In Denmark, the artistic goal was so people would remember they were not German. In the case of Mormons, Christensen was reminding people of those who went before them and sacrificed so much, Oman said. "It is a reminder of the sacred roots of the kingdom, and the sacrifices of those who followed in order to inspire the present," he said. "That was his goal."
The goal of Bloomberg Businessweek was somewhat different.
"We looked into paintings of what is referred to as the First Vision, which is when Joseph Smith went into the woods and had a revelation, and since that moment founded Mormonism," Robert Vargas, the art director, said in a Bloomberg Businessweek video. "So in researching the paintings, there were many sorts of iterations of this. It's been done various different ways."
Two of the cover mock-ups used paintings of the First Vision. In these versions, cartoon text balloons have Jesus Christ commanding Joseph Smith to "open a Polynesian theme park which shalleth be largely exempt from tax" and God the Father telling him " and then thou shalt build a shopping mall" and "invest in Burger King."
Another mock-up uses a Christensen painting from his "Mormon Panorama" paintings. This one was not of the First Vision, as Vargas apparently supposes, but of the Angel Moroni delivering the gold plates of the Book of Mormon to Joseph Smith. It may be that Vargas assumed that any painting of Joseph Smith receiving a vision in the woods was part of the First Vision.

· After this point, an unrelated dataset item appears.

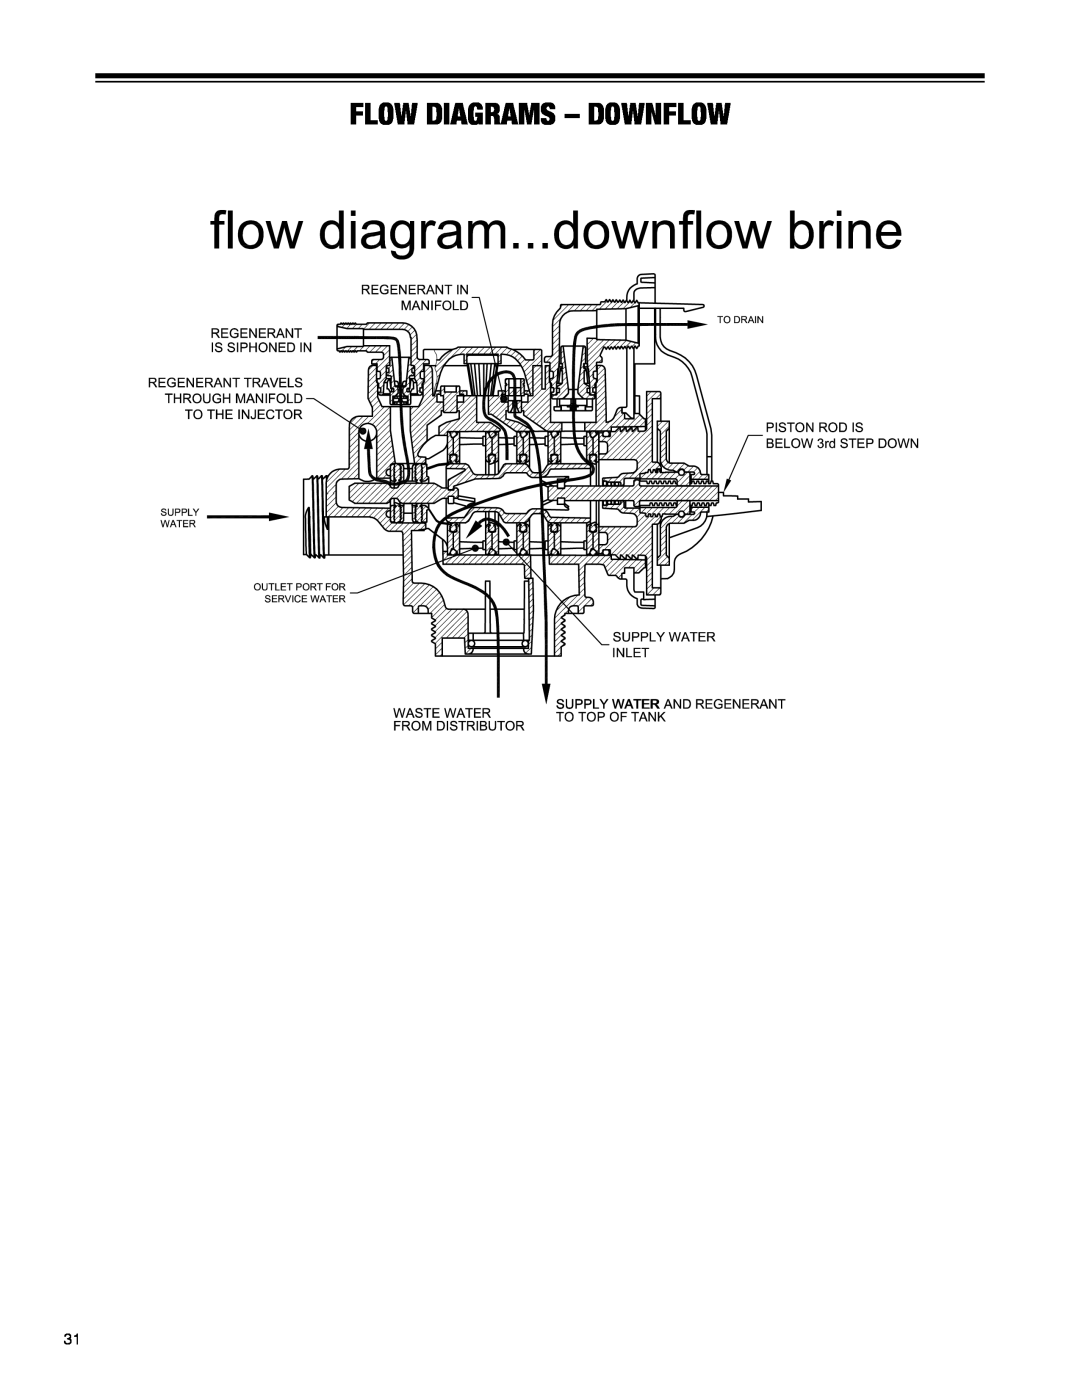 Argosy Research H-125 Series owner manual Flow Diagrams - Downflow 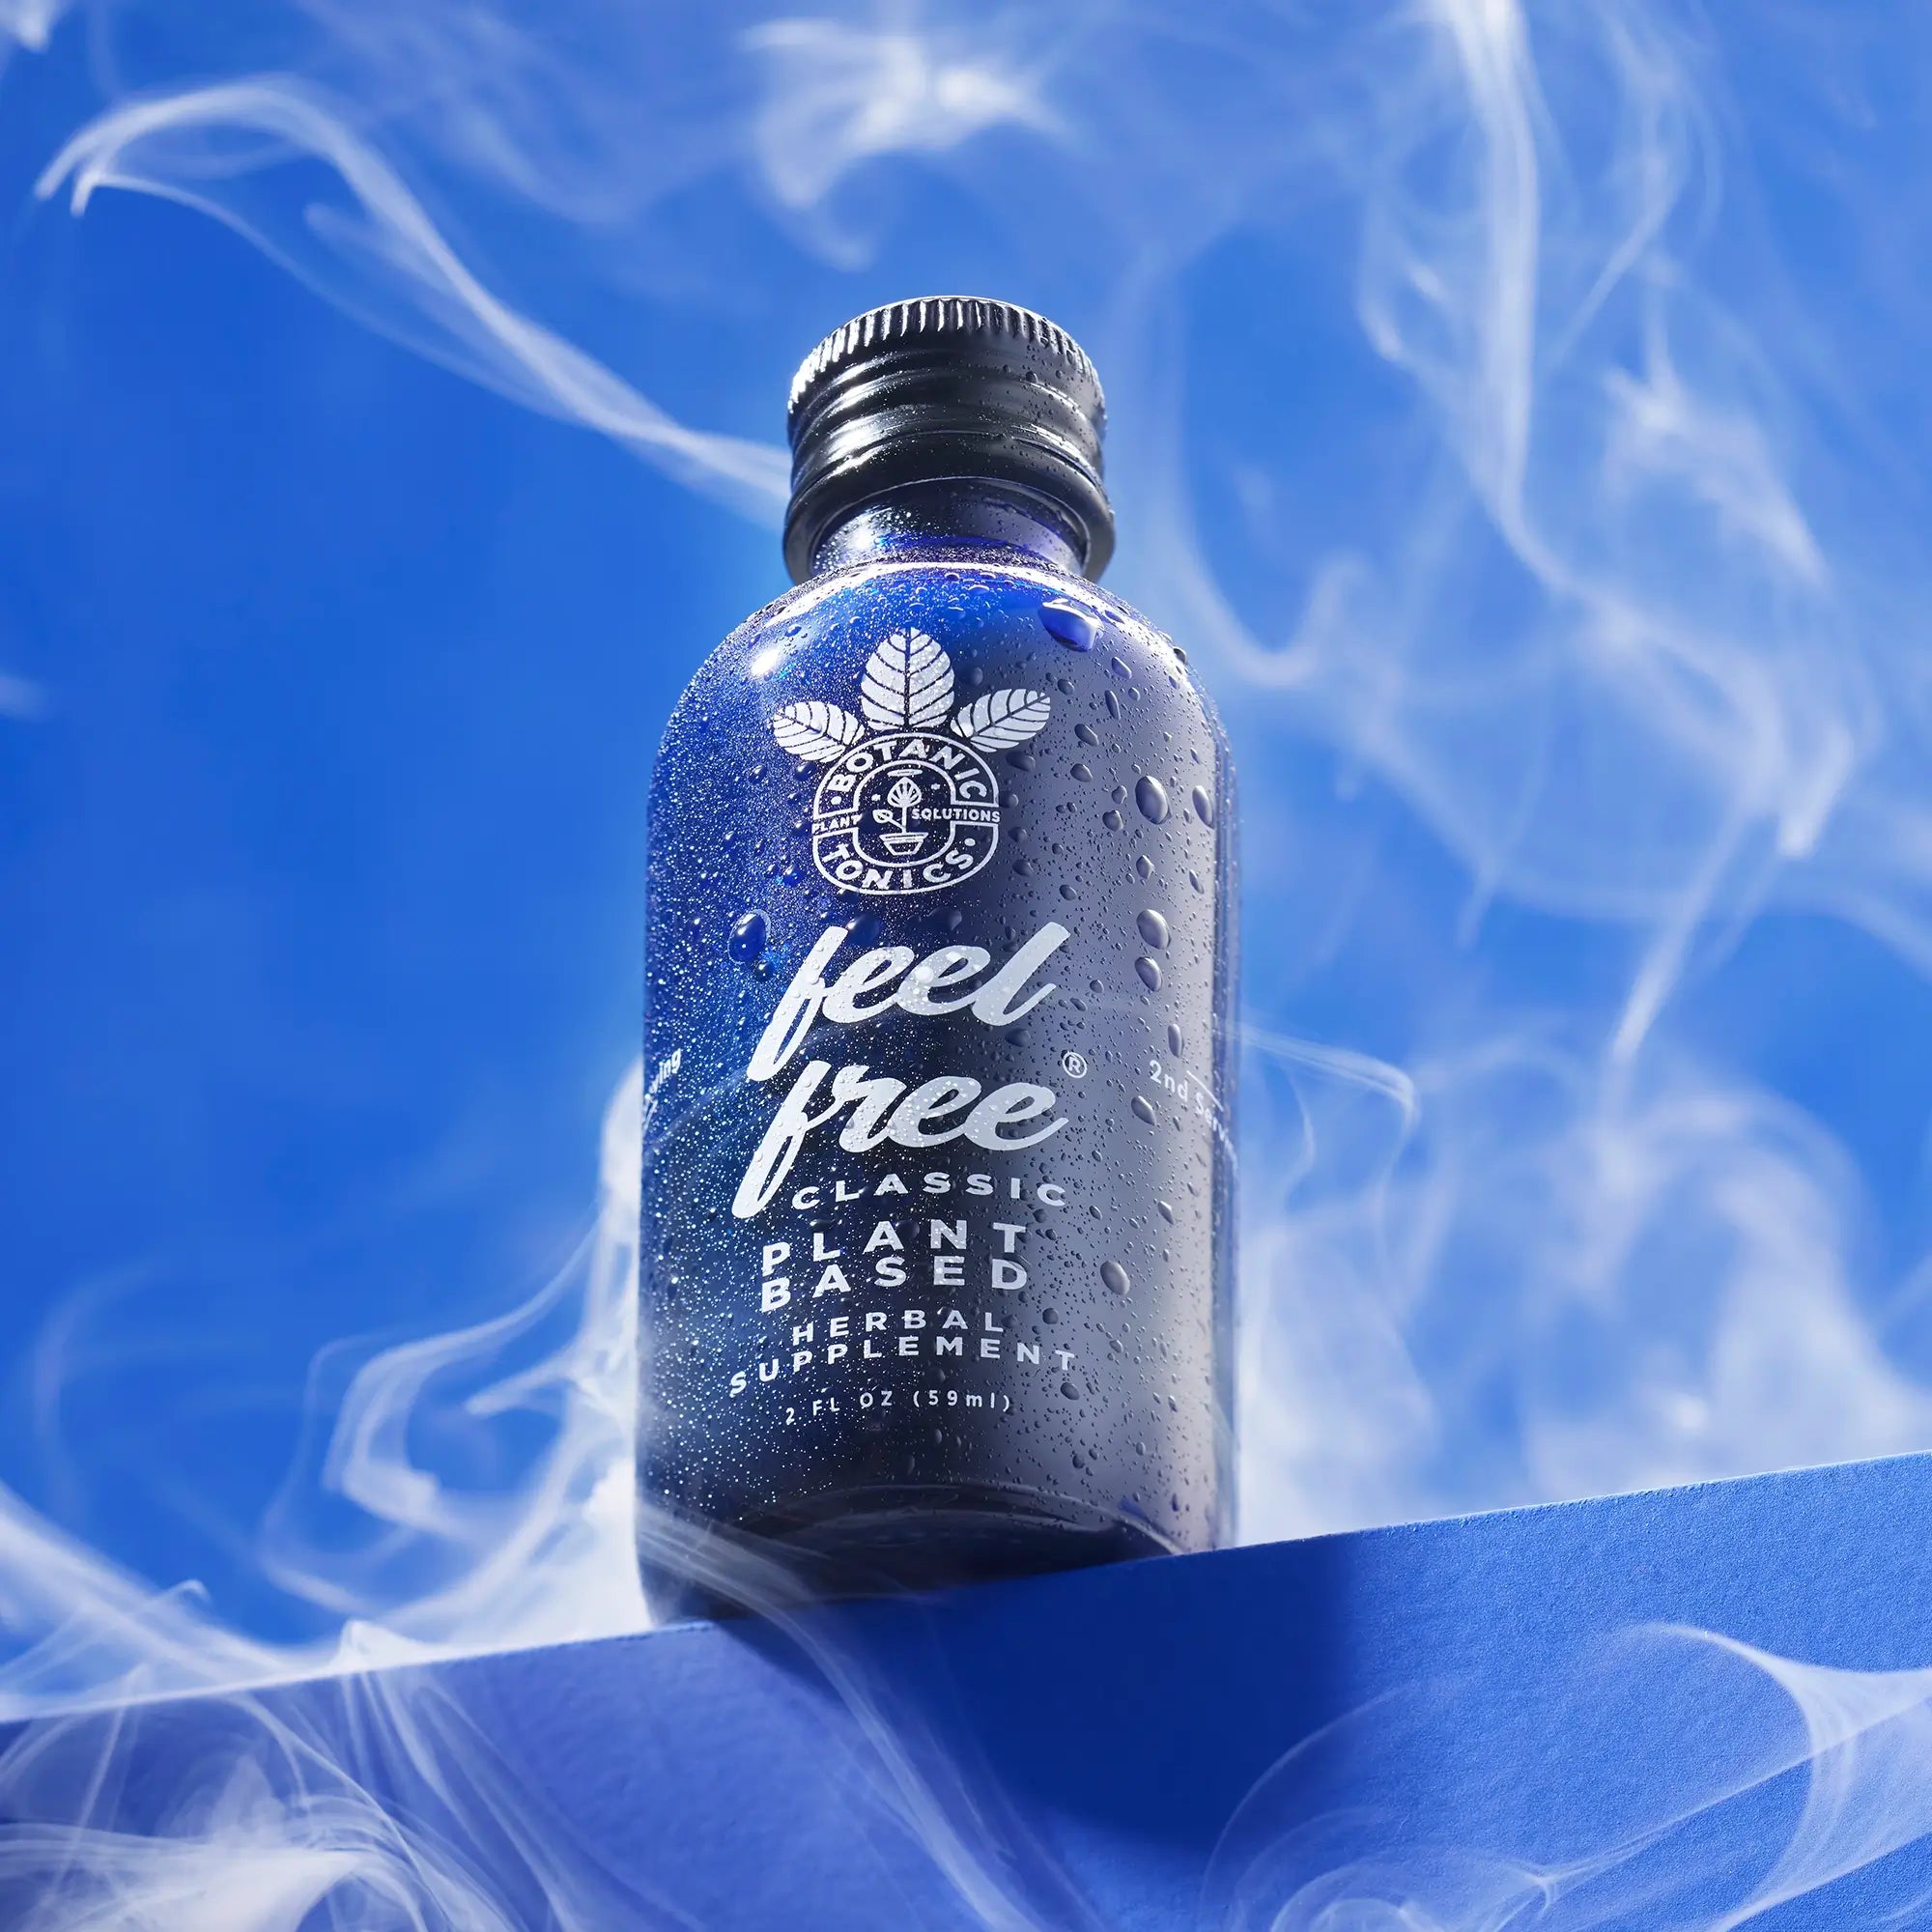 feel free CLASSIC in a smoky environment

The cover version they settled upon was also not of the First Vision, but of another heavenly appearance that occurred almost a decade later, when Joseph Smith was translating the Book of Mormon. The official LDS Church website, LDS.org, describes the context: "Joseph Smith translated the gold plates into English, and Oliver Cowdery wrote it down. While translating, they learned about baptism for the remission of sins. On May 15, 1829, they went into the woods to pray, to ask Heavenly Father about baptism. As they prayed, an angel from heaven appeared in a cloud of light. He laid his hands on Joseph and Oliver and ordained them."
The angel identified himself as John the Baptist.